The Republican-backed proposal comes amid a wave of construction after federal lawmakers invested billions of dollars during the Biden administration to slow the pace of climate change. The ensuing backlash and enactment of local restrictions are playing out across the country.
Here’s what you need to know:
Some context: Investment in renewable energy has been a state priority for decades and a requirement for Wisconsin’s utilities. It also is central to Democratic Gov. Tony Evers’ ambitious climate goals. Wisconsin seeks to operate a carbon-free electric grid by 2050.

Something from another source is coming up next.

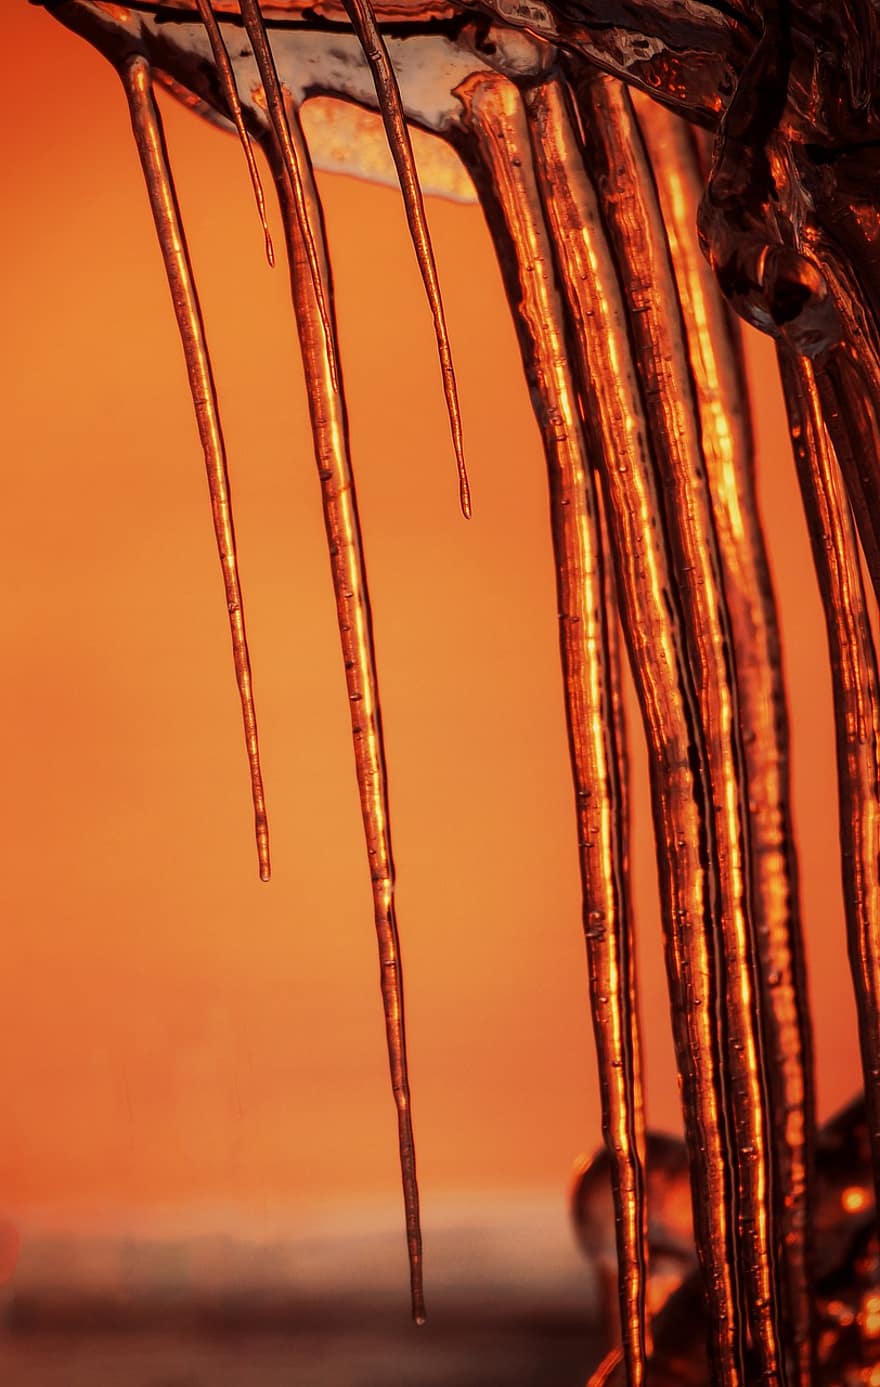 Icicle, Sunset, Sunlight, Hanging, Cold, Pointy, close-up, backgrounds, drop, ice, abstract

In 2023, 9% of net electricity generated within the state came from renewable sources, according to the U.S. Energy Information Administration.
The governor’s Task Force on Climate Change expects most future emissions reductions to come from large-scale utility projects, especially the replacement of aging coal plants with solar farms.
In 2016, the state generated just 3,000 megawatt-hours of electricity from utility-scale solar facilities. Seven years later, it increased to 1.2 million. Nearly two dozen more solar farms are in the pipeline.
Wisconsin’s utility regulator, the Public Service Commission, oversees the approval of large projects, but opponents say gaps in state oversight make Wisconsin attractive to private developers, who aren’t mandated to share project expenses or evaluate ratepayer impacts.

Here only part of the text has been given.